» SUPPLIED DATA
•••

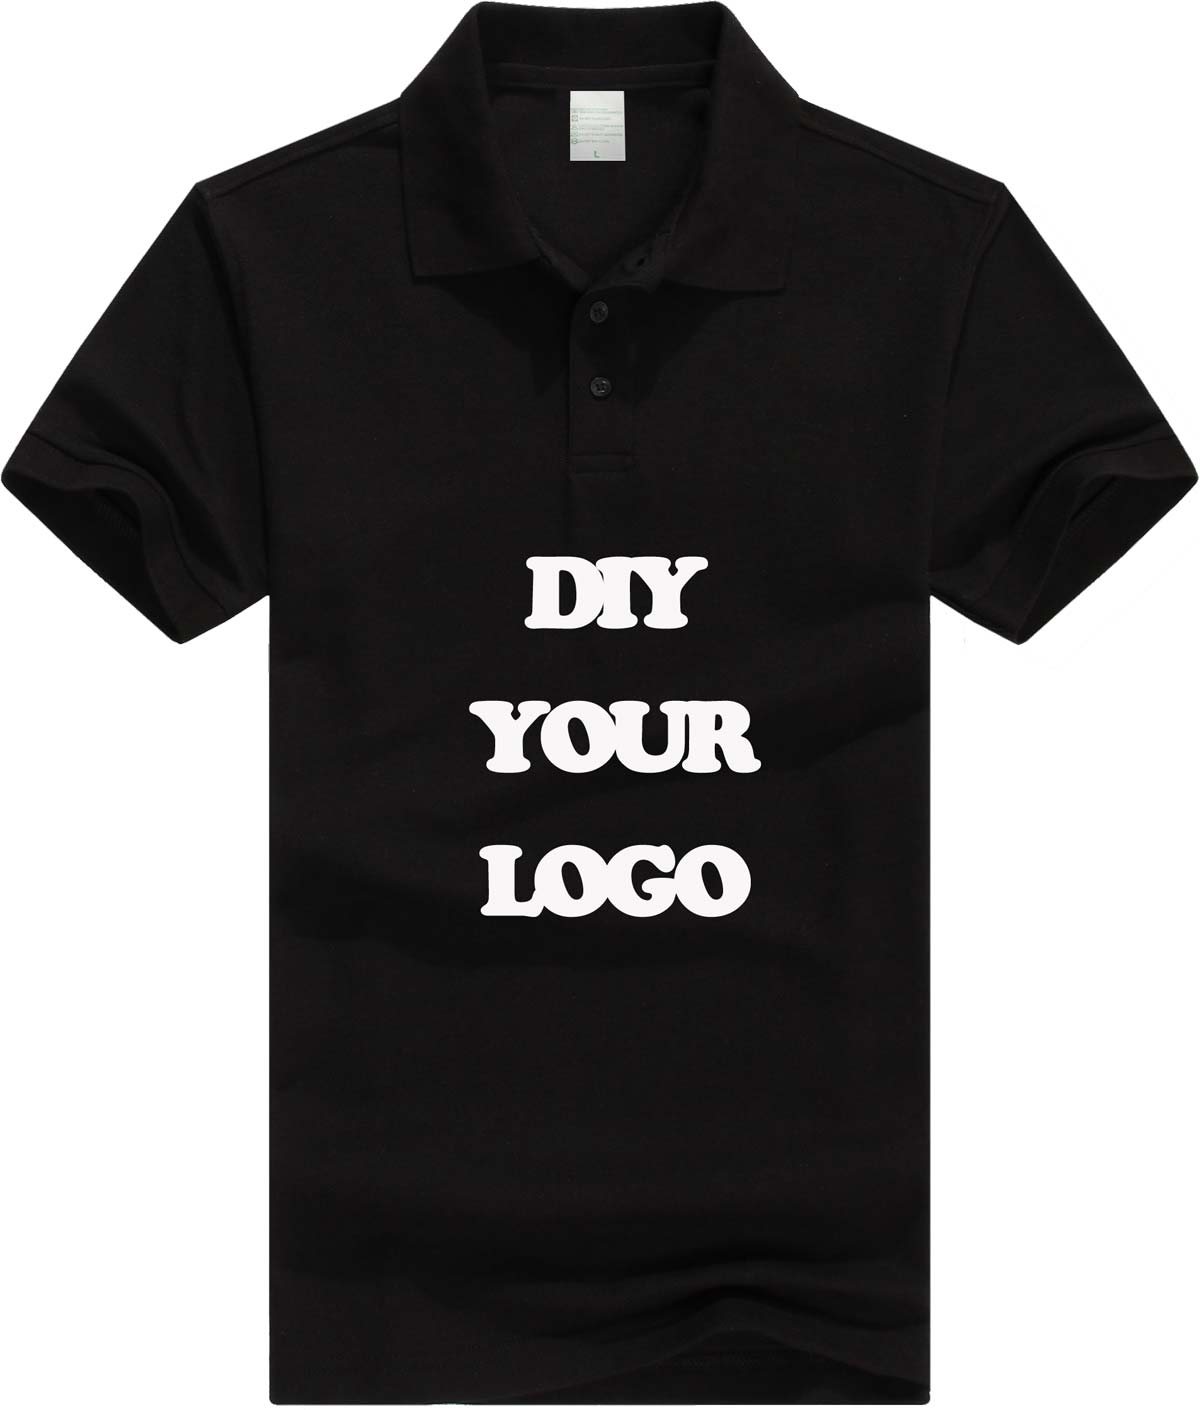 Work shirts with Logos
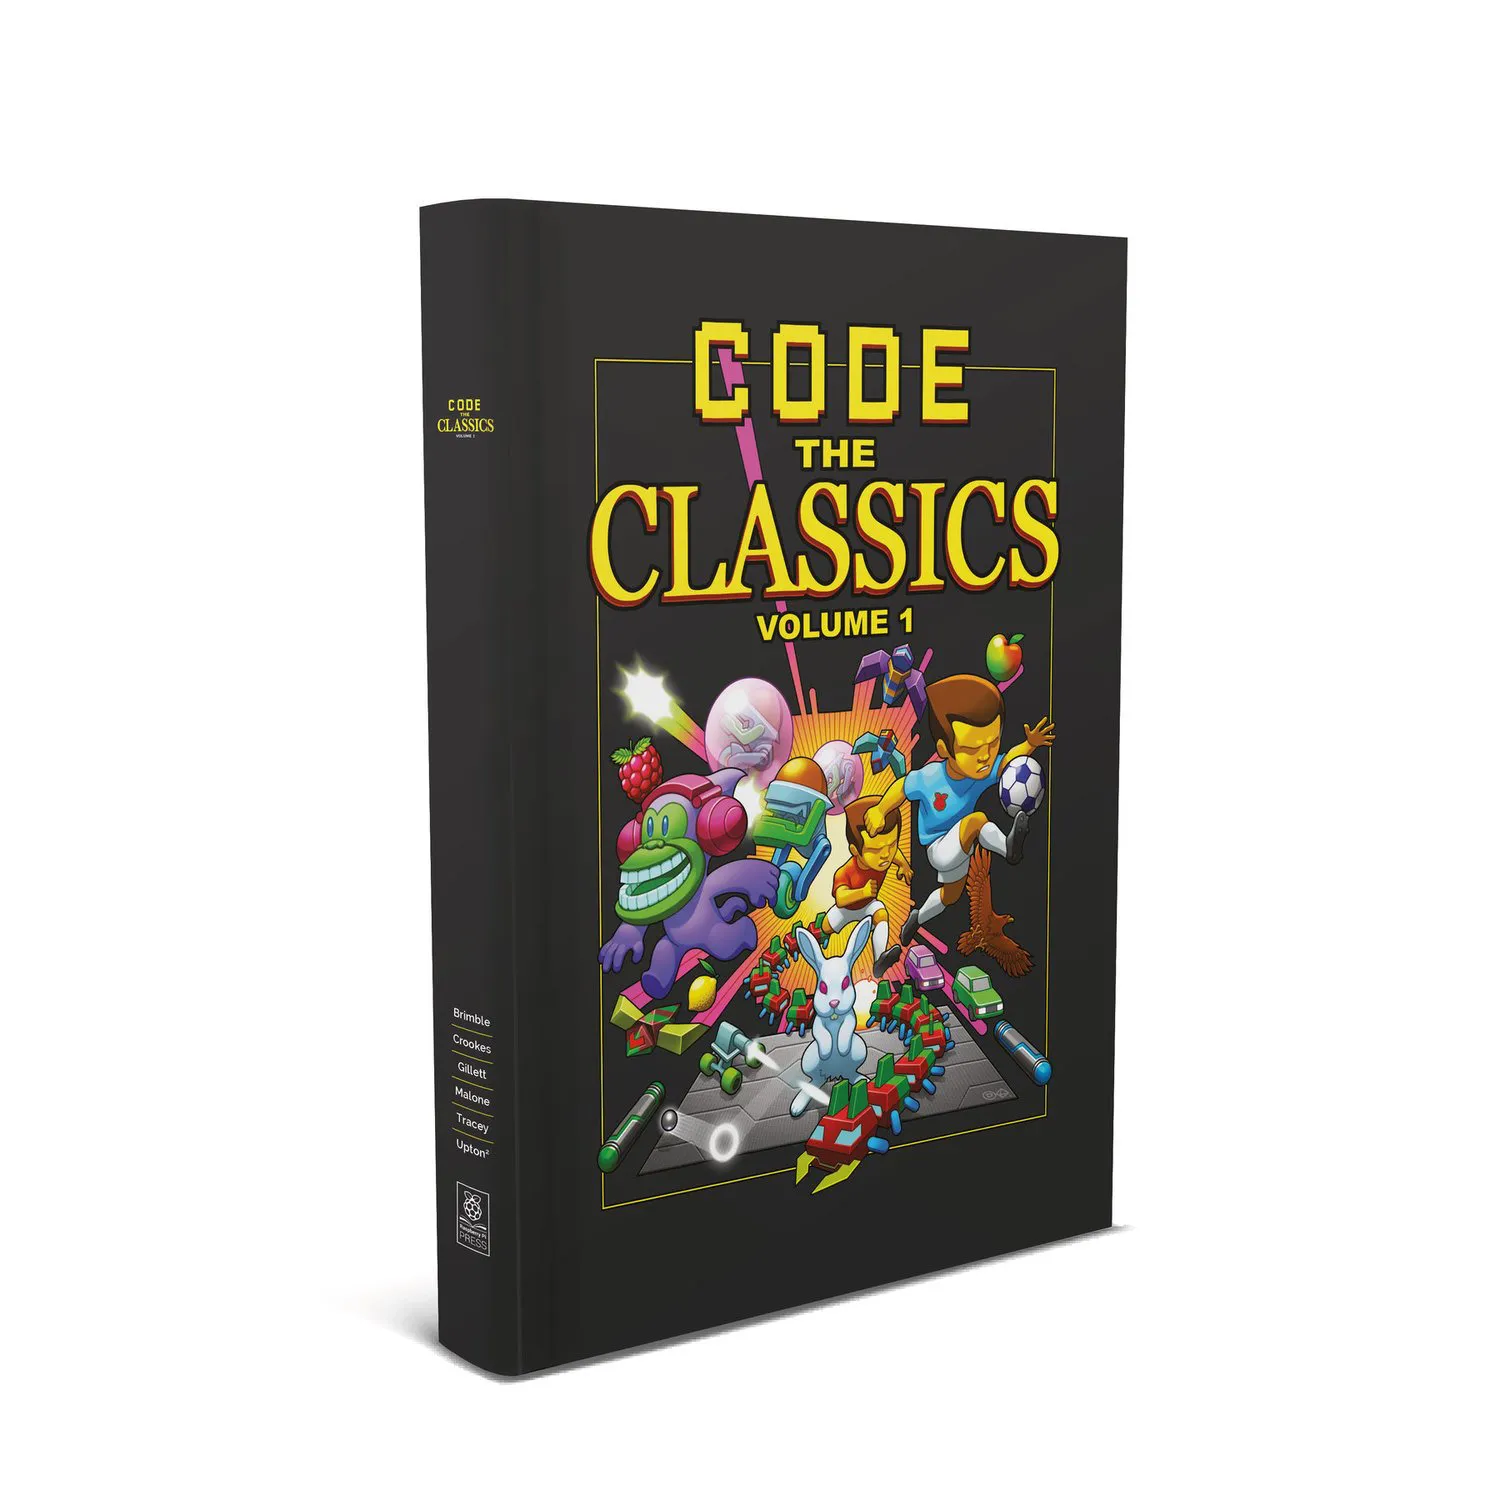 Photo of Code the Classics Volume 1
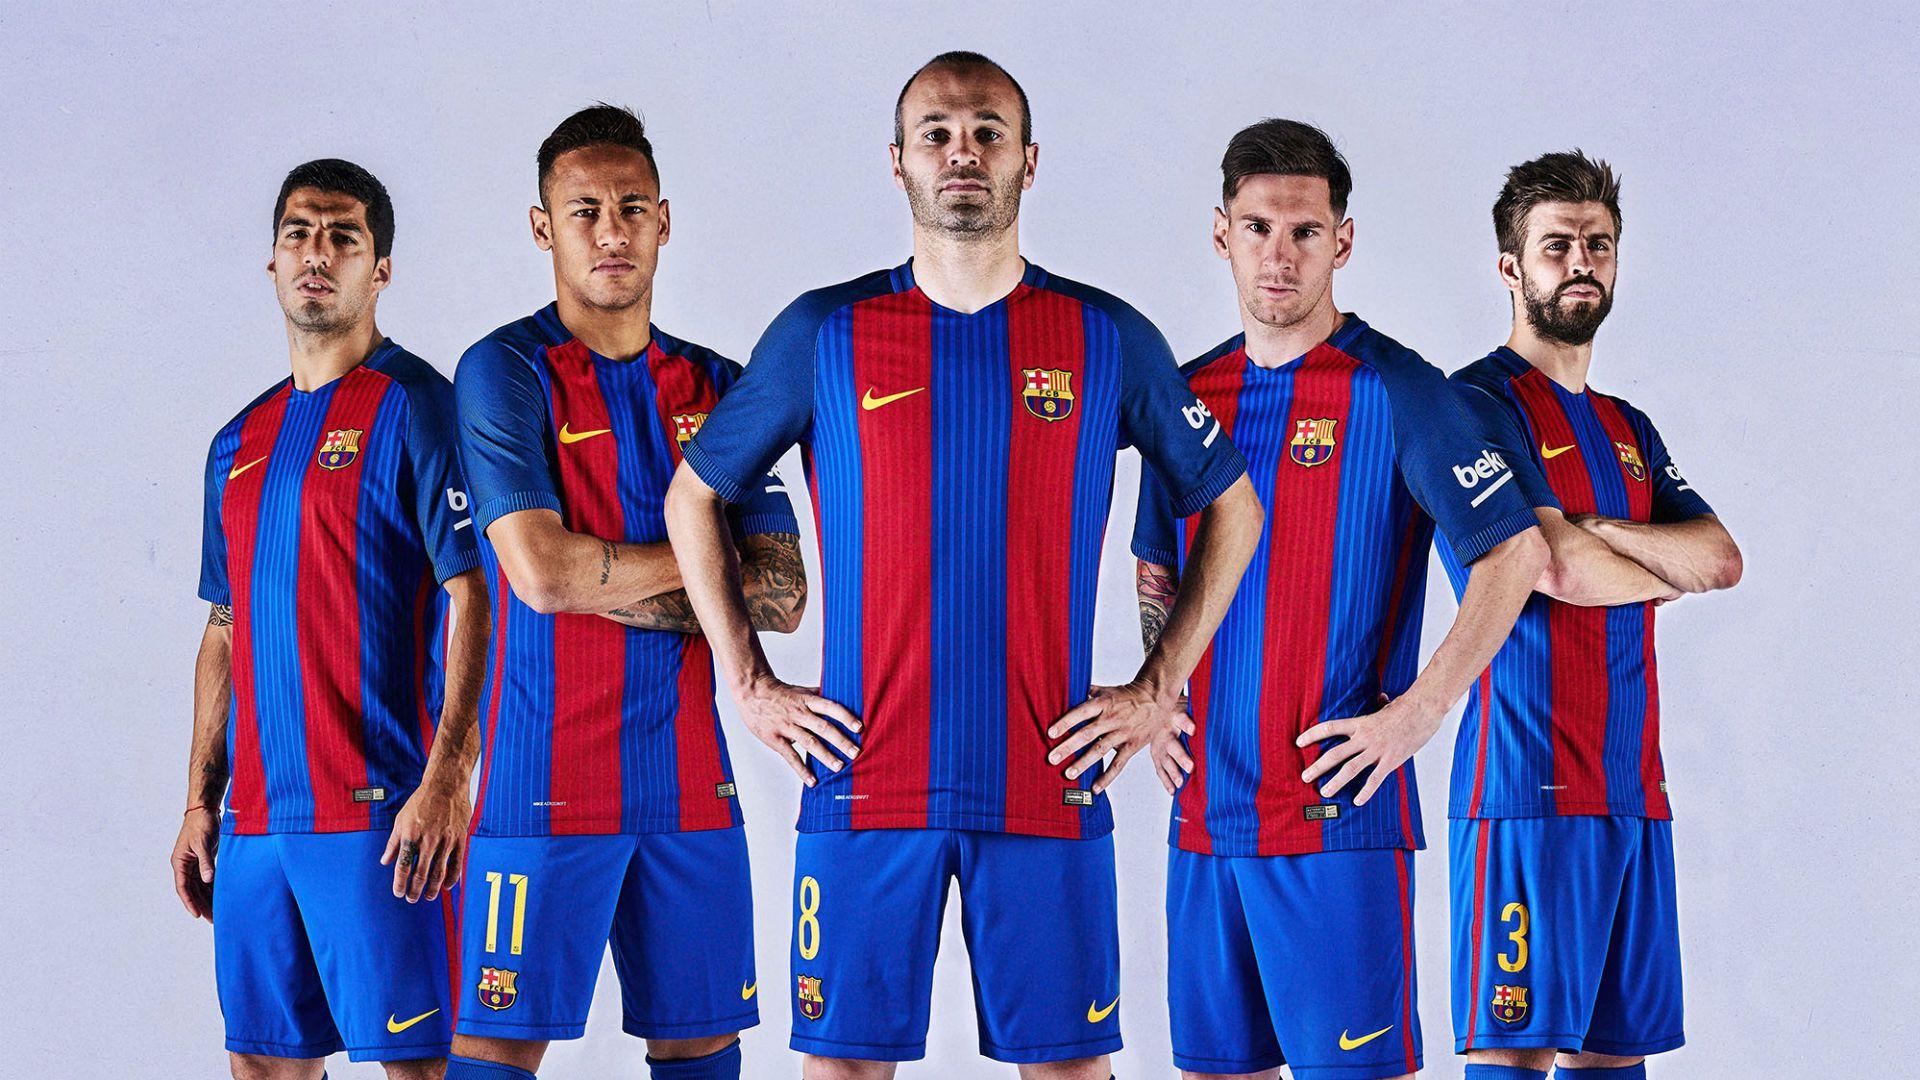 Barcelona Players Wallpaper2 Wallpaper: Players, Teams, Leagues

•••

» TASK OBJECTIVE
Output, exactly and only: the line containing "Photo of Code the Classics Volume 1", the last line of the listing above, and every line in between. Leave the pictures out.

» ANSWER TO THE PROBLEM
 Photo of Code the Classics Volume 1
 Barcelona Players Wallpaper2 Wallpaper: Players, Teams, Leagues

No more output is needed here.